WHAT TO DO:
The whole listing below needs to be duplicated exactly, pictures aside.

INPUT DATA:

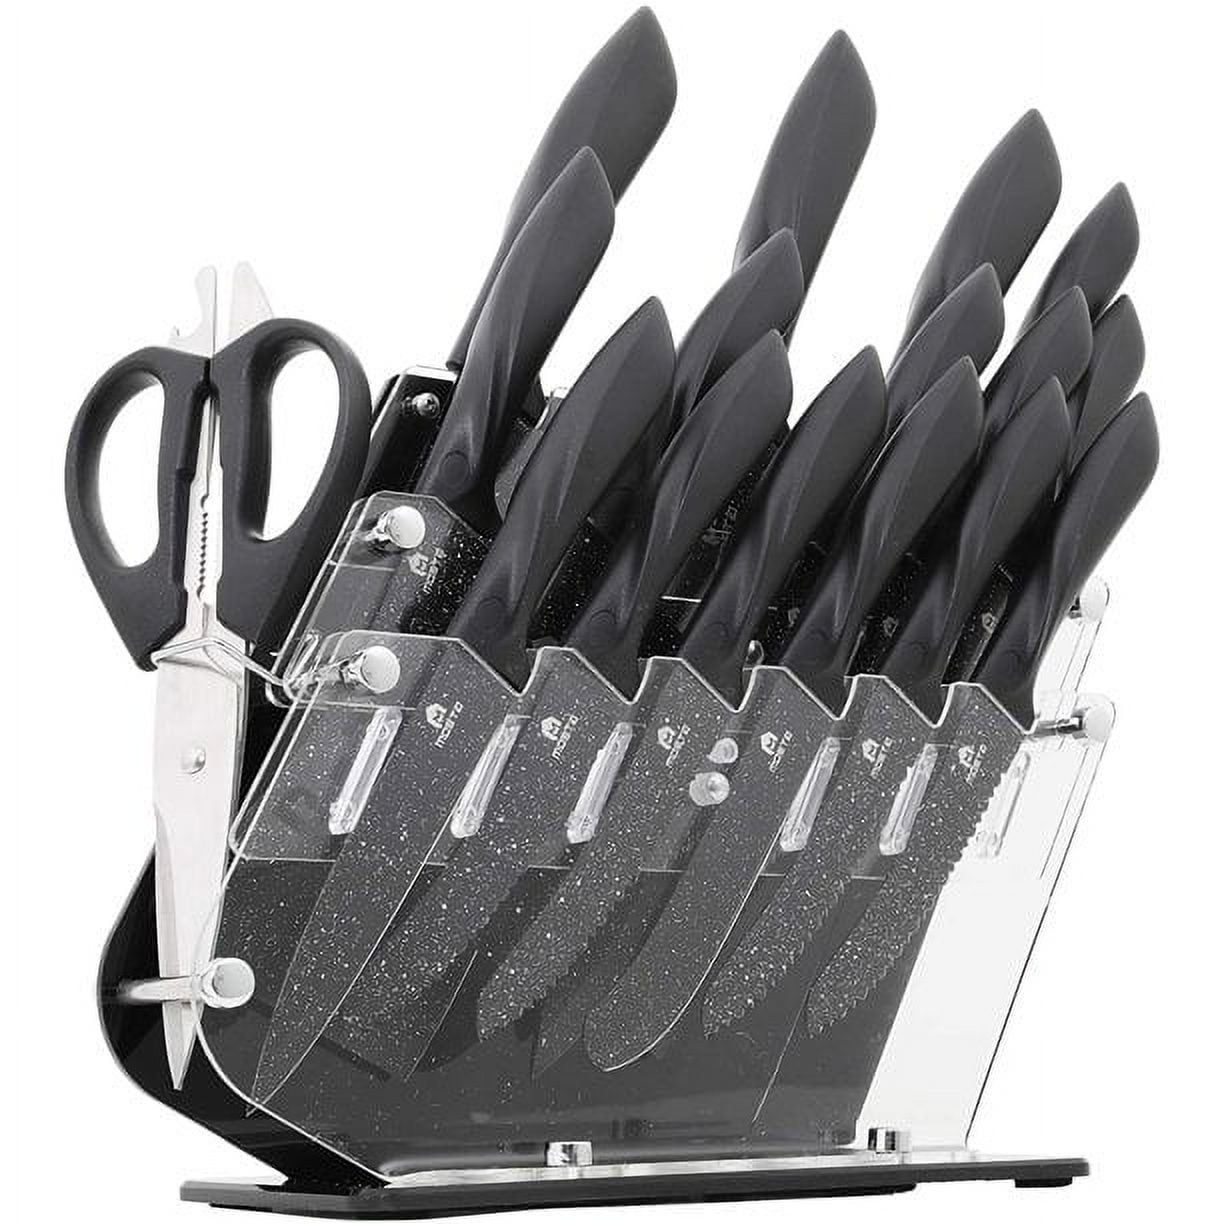 BEAFUORCT Block Knife Sets Stainless Steel With Sharpening 15 piece Acrylic  Stand Steak Knives Set Professional Chef Knife and Scissors for Kitchen
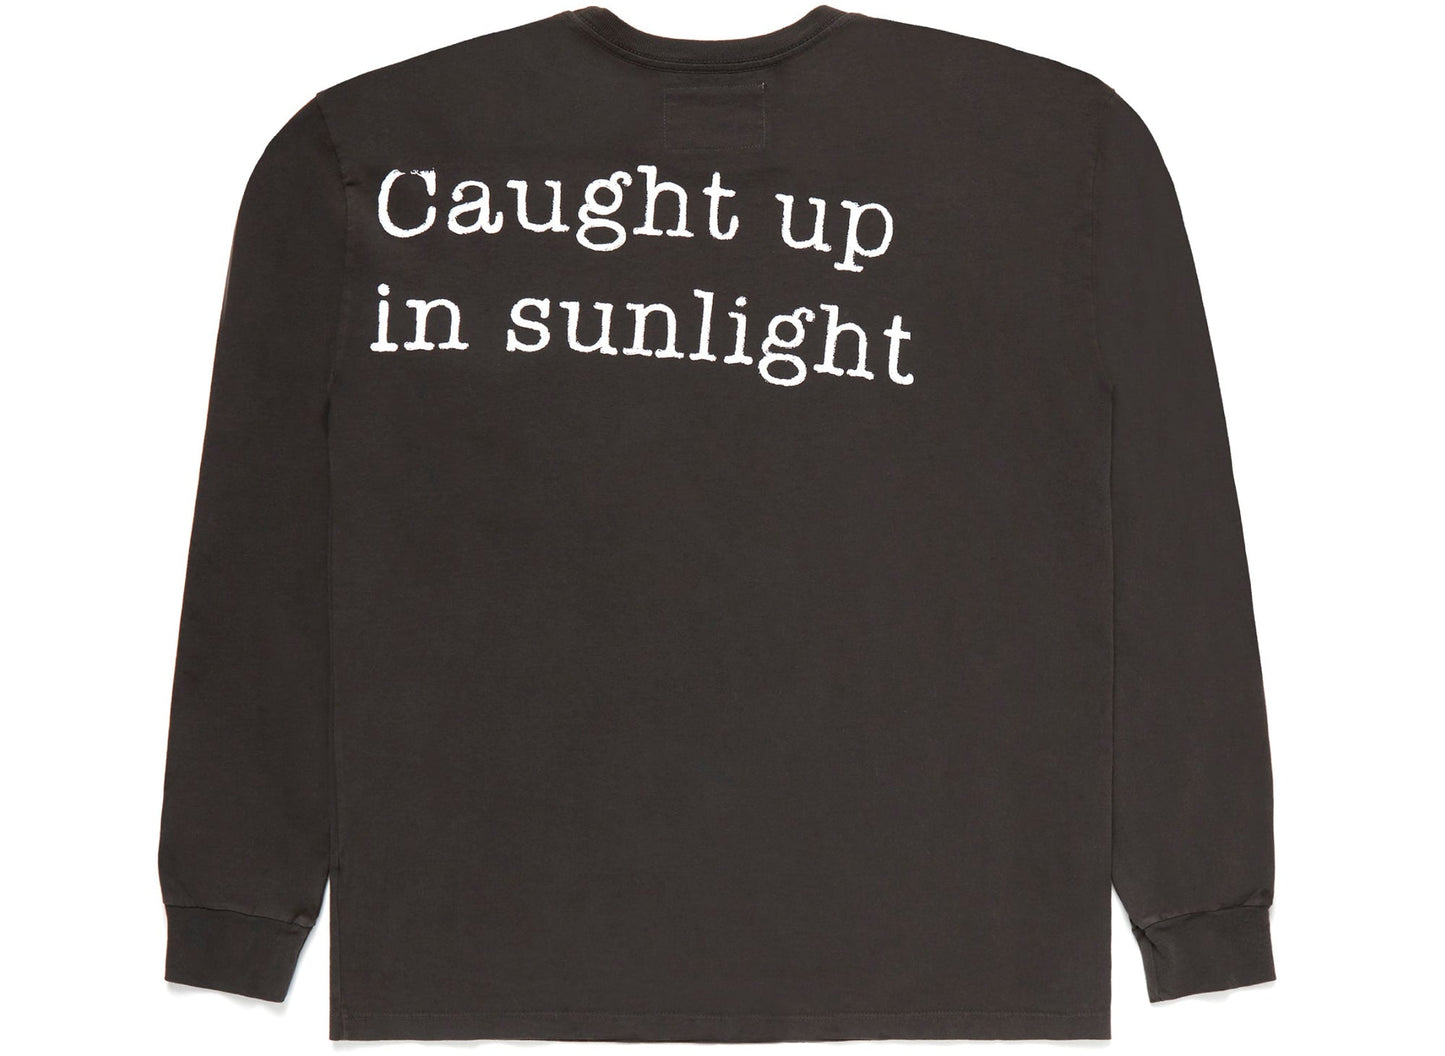 One of These Days Caught Up in the Sunlight L/S T-Shirt in Black
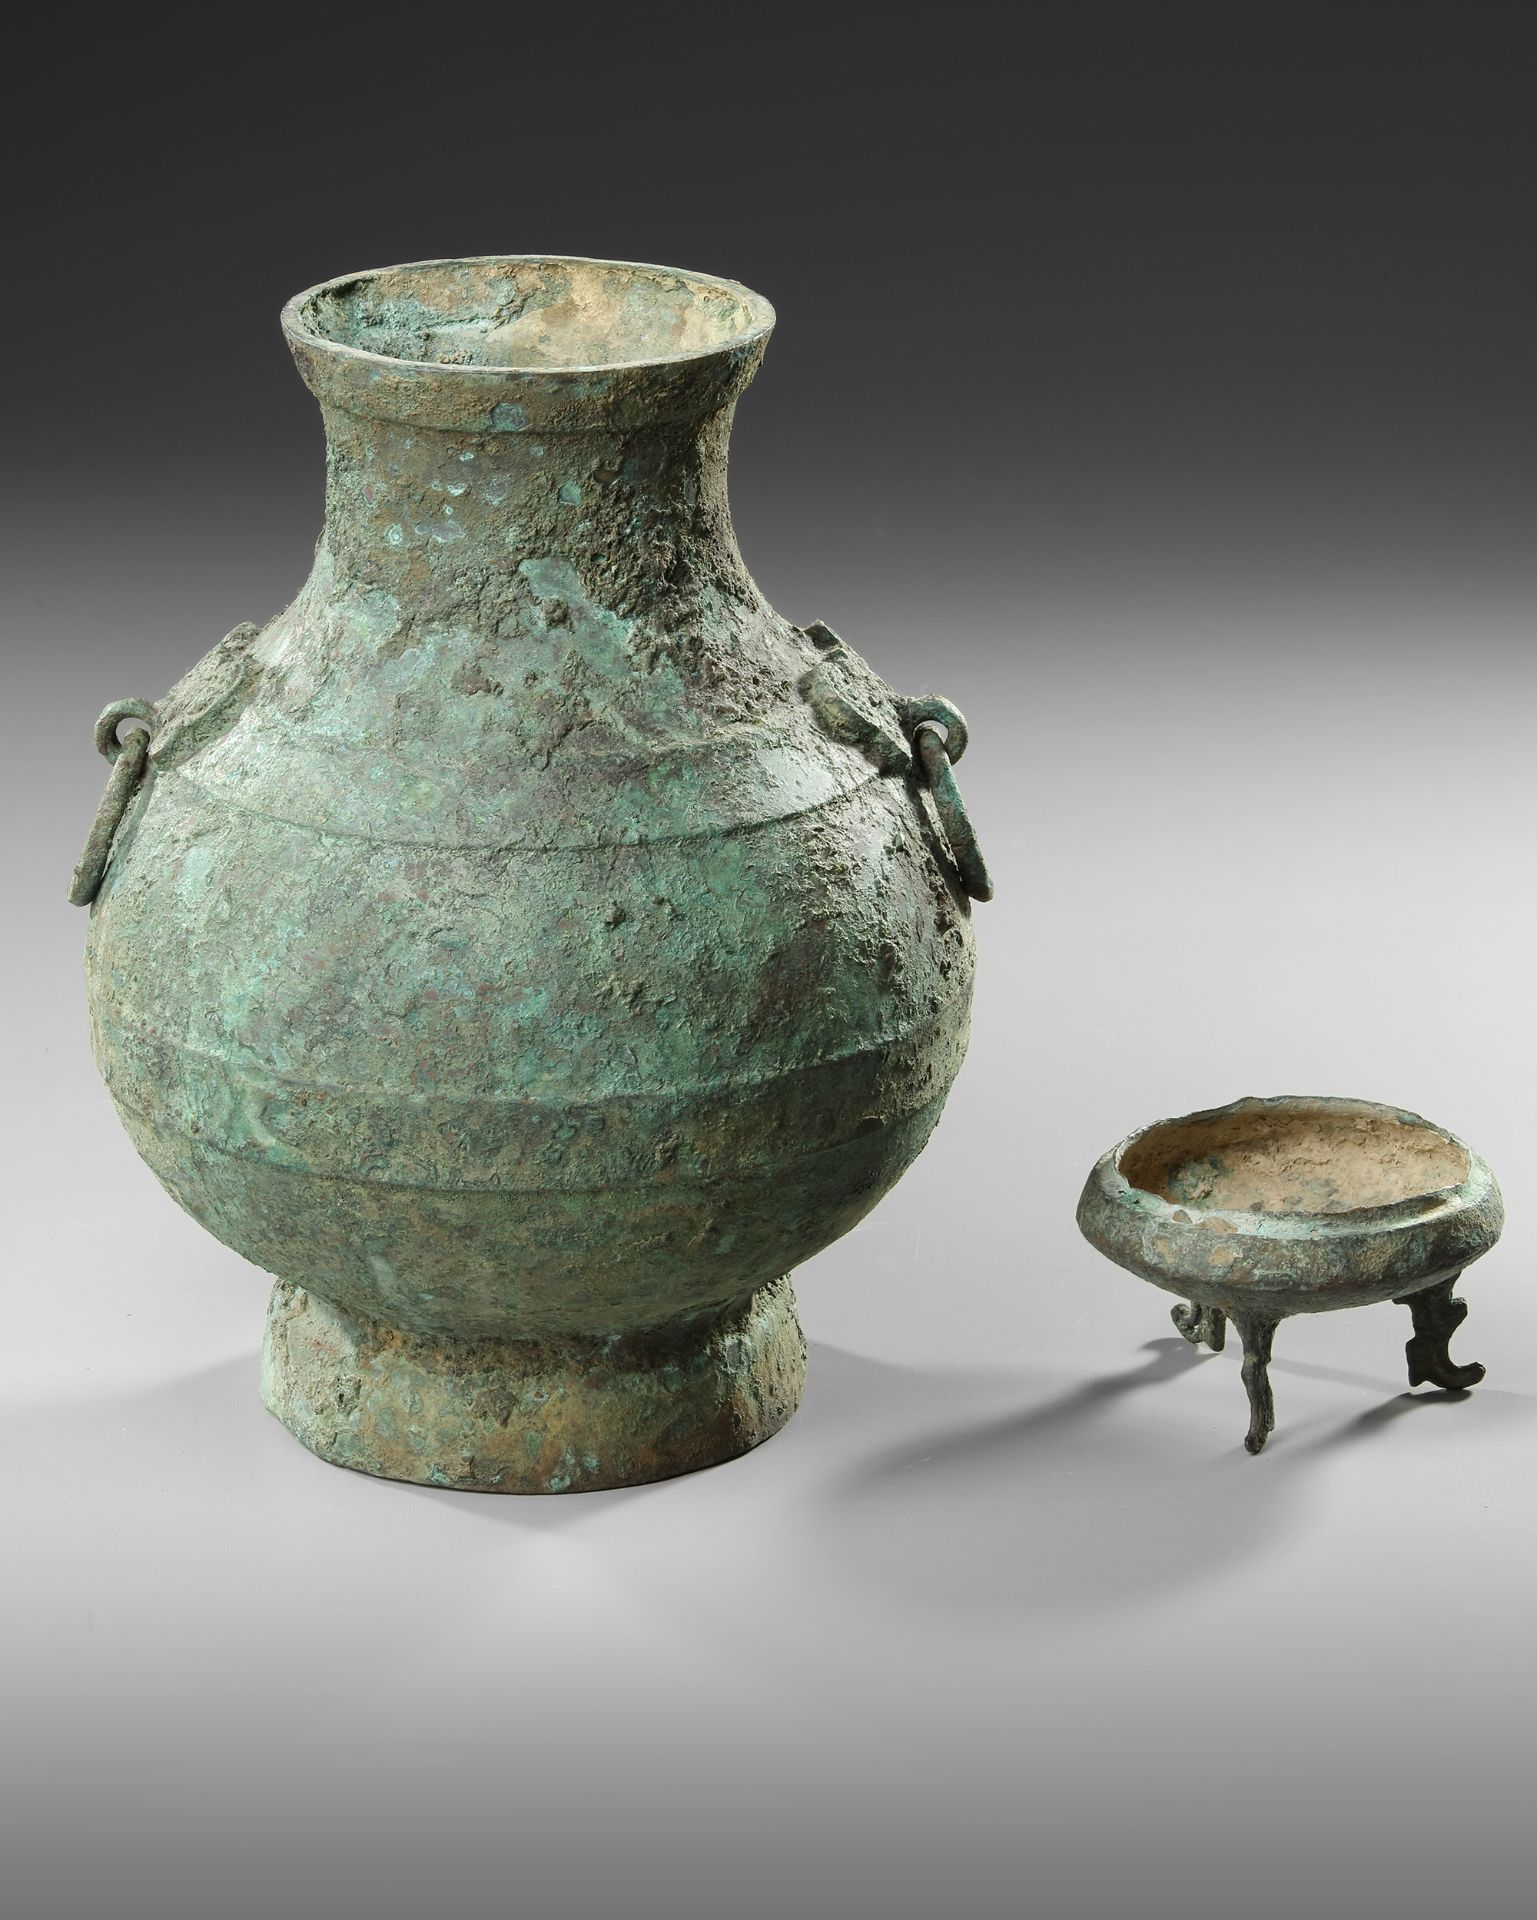 A CHINESE BRONZE RITUAL HU VASE, HAN DYNASTY (206 BC-220 AD) OR LATER - Image 4 of 5

RESULT OF THIS EXERCISE:
 BEAFUORCT Block Knife Sets Stainless Steel With Sharpening 15 piece Acrylic  Stand Steak Knives Set Professional Chef Knife and Scissors for Kitchen
 One of These Days Caught Up in the Sunlight L/S T-Shirt in Black
 A CHINESE BRONZE RITUAL HU VASE, HAN DYNASTY (206 BC-220 AD) OR LATER - Image 4 of 5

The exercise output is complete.